Eleanor sipped her wine while she mulled over the implications of this latest clash between Henry and Louis. “What does Richard think of all this? Since Alys is his betrothed, I assume you did mention it to him?”
He surprised her then by saying, “As it happens, I did. We talked about this ere he returned to Poitou last summer. He showed very little interest in the subject, was much more interested in discussing the aid I’d provide against the Poitevin rebels.”
That rang true to Eleanor. She knew Richard had never indicated the slightest desire to wed Alys; she doubted that he’d ever given much thought to the girl at all. “So you are saying that Richard is indifferent, cares little whether he weds her or not.”
“That sums it up rather well. For certes, he is not burning to take a wife. Unlike Geoffrey, who keeps dropping hints heavier than anvils, reminding me that he is in his nineteenth year now and Constance is sixteen, more than old enough for the holy state of matrimony.”
That rang true, too, for Richard had nothing to gain by wedding Alys and Geoffrey had a great deal to gain by wedding Constance. Their marriage would validate his claim to Brittany, and he’d no longer be dependent upon Henry’s good will, would have power of his own. Eleanor suspected that the very reasons which made the marriage so attracttive to Geoffrey were why Henry seemed in no hurry for it to happen. But that was a worry for a later time, and more Geoffrey’s concern than hers. The hardest part of confinement was accepting the fact that she could no longer influence the course of events or even the interactions in her own family.
“It sounds,” she said, “as if you have the situation well in hand.”
He shot her a suspicious look. “And that sounds as if you are actually supporting me in this.”
“Why would I not? I agree that we can do better for Richard than Alys, and I’d like nothing better than to see Louis discomfited and humbled. He proved to be an even worse ally than he was a husband.”
“As you ought to have known,” he pointed out, and she acknowledged the truth of that with a rueful smile. He had propped himself up on his elbow and was regarding her so impassively that she realized she had not the slightest idea what he was thinking. “So,” he said, after a brief silence, “you’d raise no objections if I disavowed the plight-troth. But what if Richard truly wanted to wed the girl?”
“In that case, I would fight for the marriage till my last breath,” she murmured and saw that she’d finally managed to startle him.
“Your honesty is commendable, if rather reckless, for you’ve hardly reassured me of your good faith should I set you free.”
“Could you ever trust me again, Harry?”
He did not even pause for breath. “No, never.”
“Exactly,” she said. “So what would be the point of telling you what I thought you’d want to hear?
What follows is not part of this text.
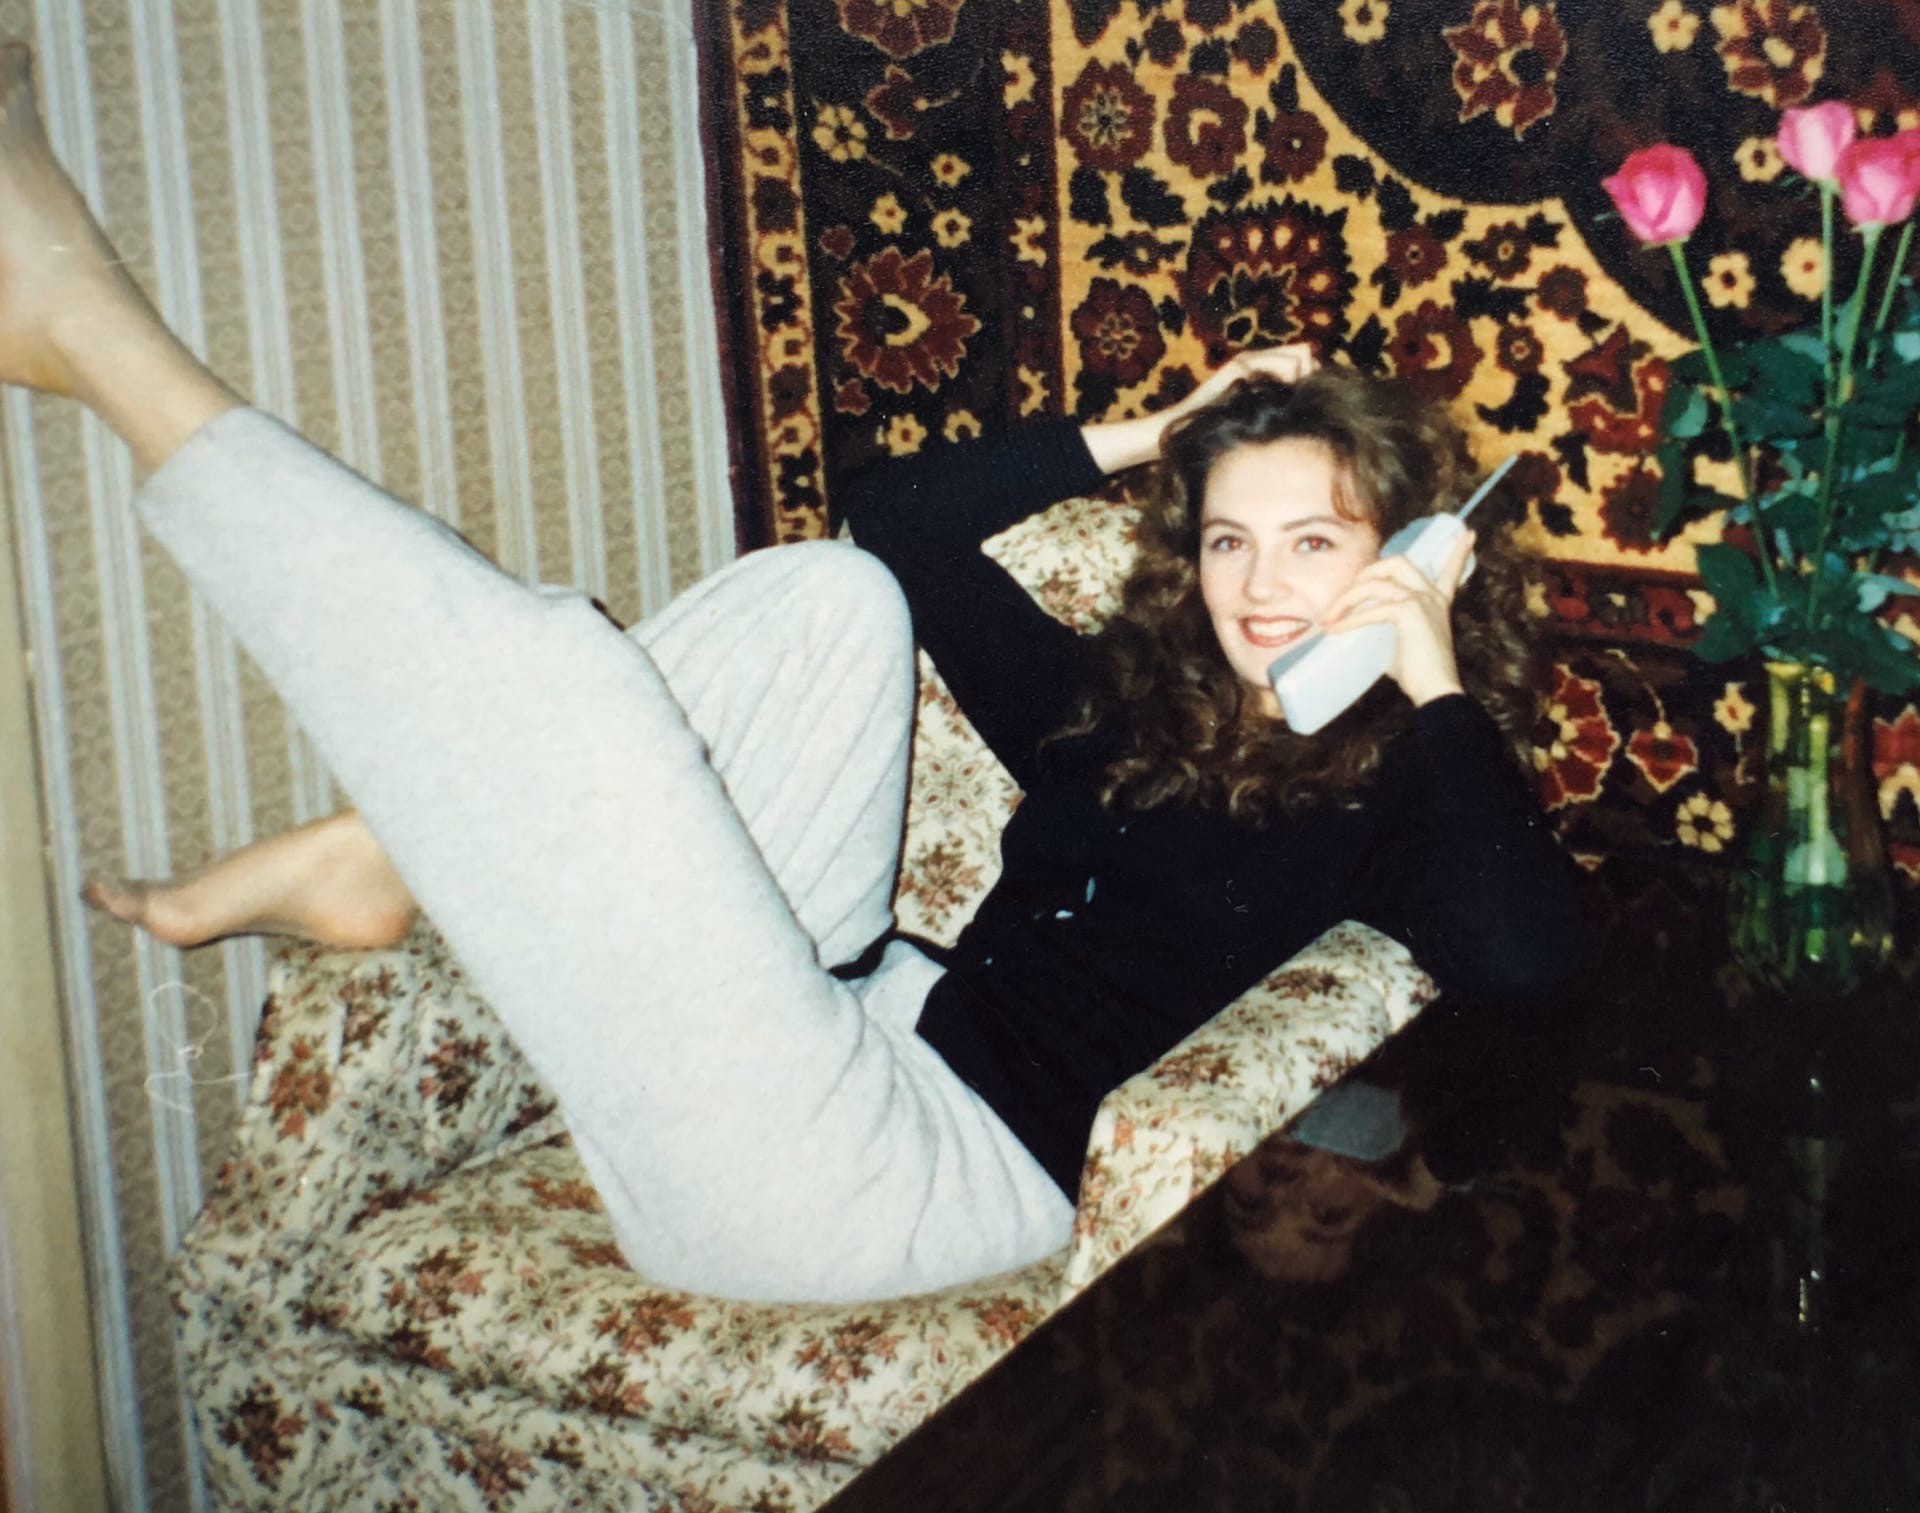 Фото голой девушки начала 90-х годов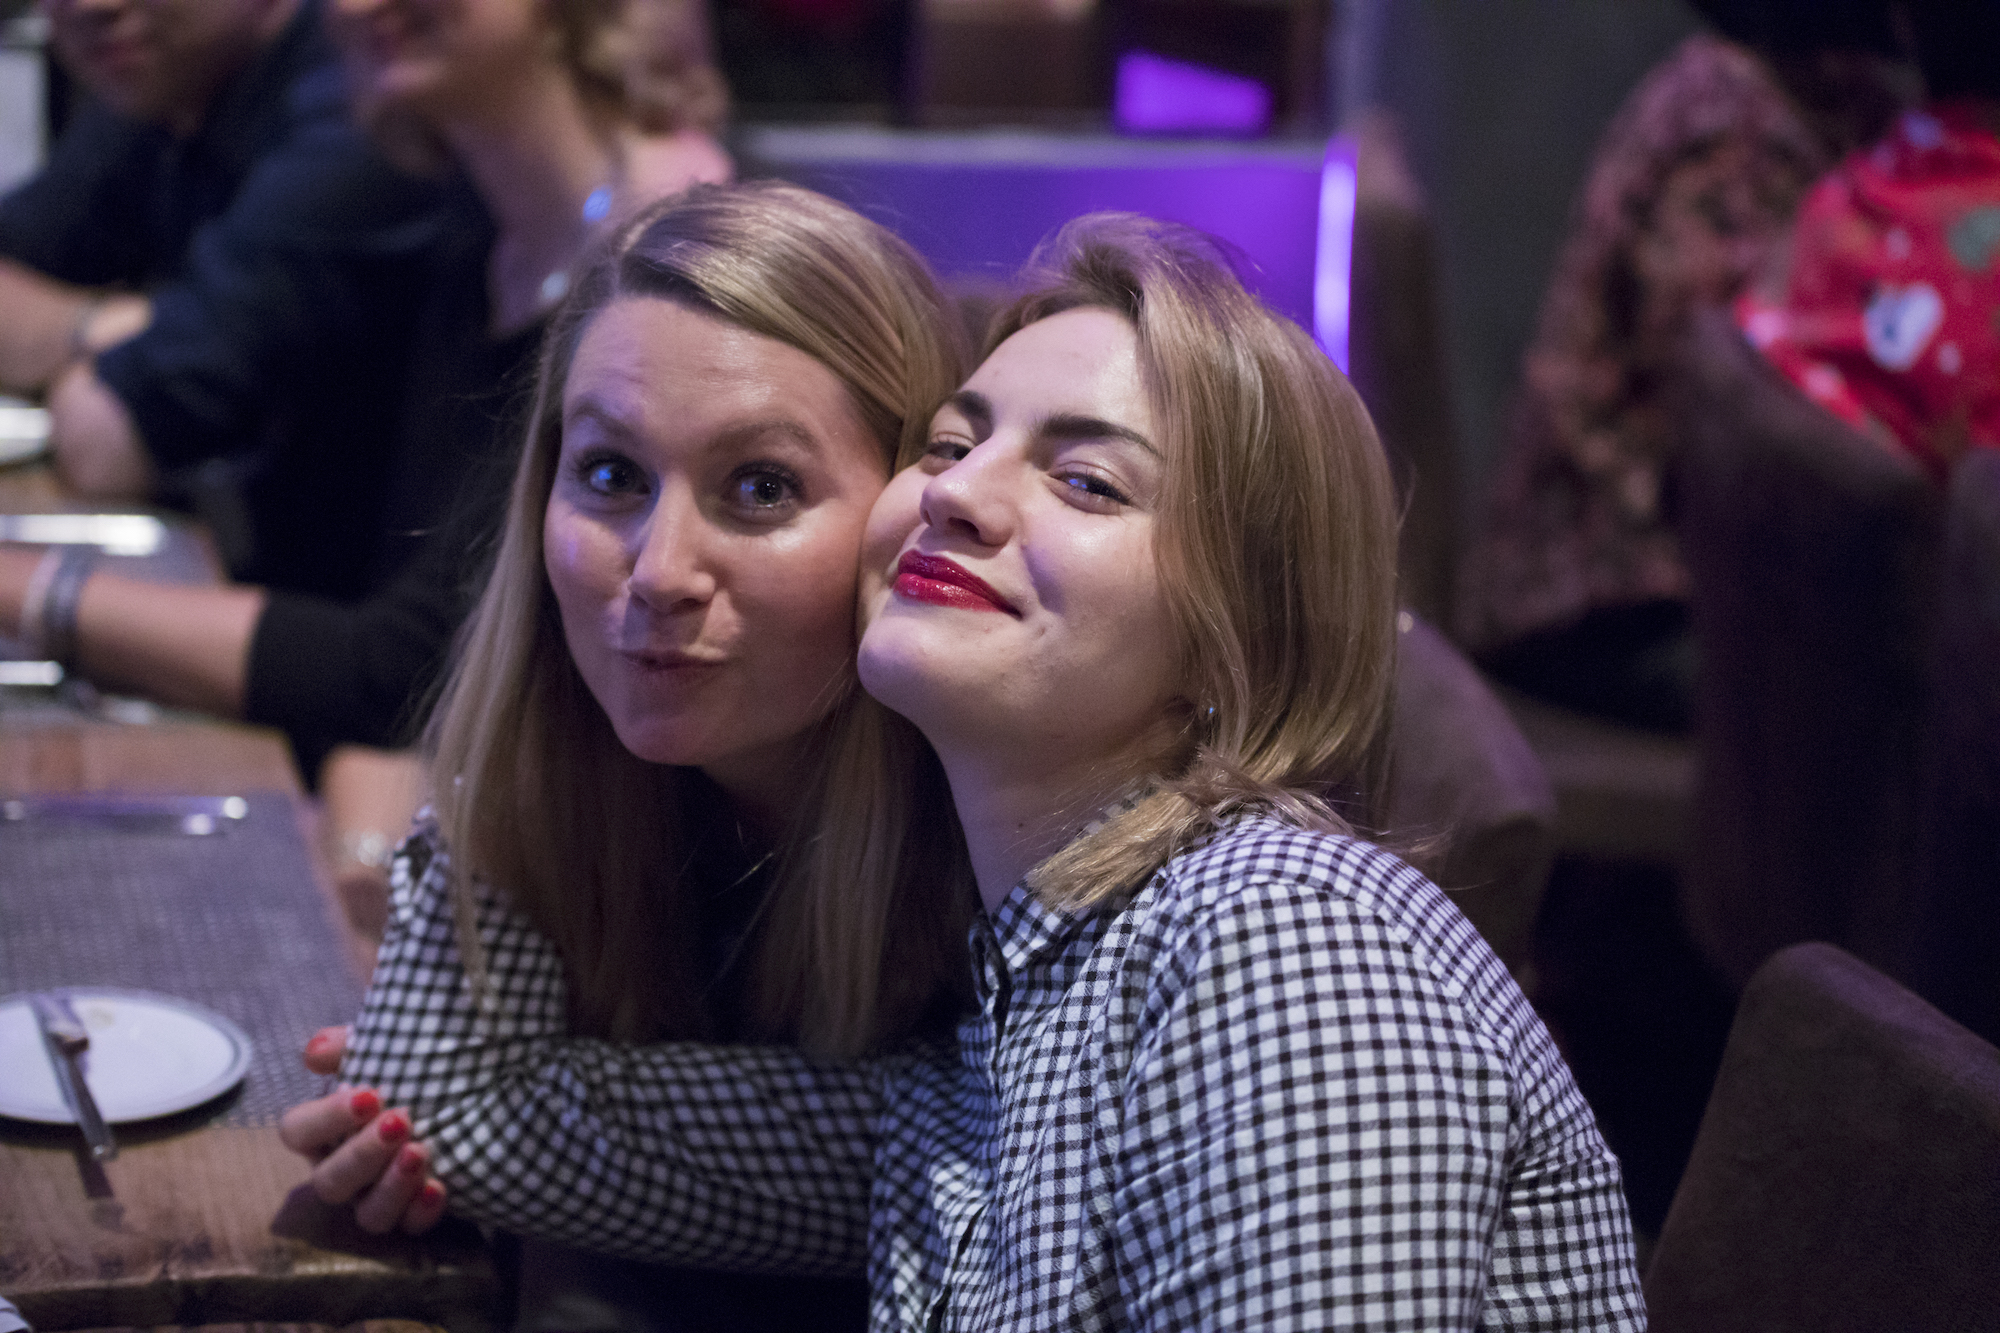 Zwei junge Frauen posieren gemeinsam vor der Kamera an einem Esstisch

I know marriage is not usually fertile ground for the truth, but mayhap a little truth-telling might have helped us avoid some of the grief of recent years.”
He was openly skeptical. “Are you saying that you’re going to forswear lies from now on, speak only God’s truth? I’ll believe that when unicorns roam the English countryside.”
“Go ahead,” she challenged, “ask me a question, then. But I ought to warn you that the rules of the game apply to you, too.”
He considered it, but she knew he was never one to refuse a challenge. “Very well. Do you regret the rebellion?”
“You can do better than that, Harry. Of course I do. Ask me something less obvious.”
“What do you regret? That you set my sons against me? Or that you lost?”
“Better,” she conceded. “Both. Now…your turn. Answer me honestly. If I’d demanded that you put Rosamund Clifford aside, would you have done so?”
“No.”
“And if I’d asked it of you?”
That gave him pause. “I am not sure,” he admitted. “I just do not know, Eleanor.”
“Fair enough. Your turn.”
She’d expected a question about Rosamund, for she knew he still thought jealousy was at the root of their estrangement. But what he asked was far more dangerous. “That day at Falaise…why did you not seek my forgiveness?”
She exhaled a soft breath. “Ah, Harry, we are getting into deep waters here.”
“An honest answer. Your rules, remember.”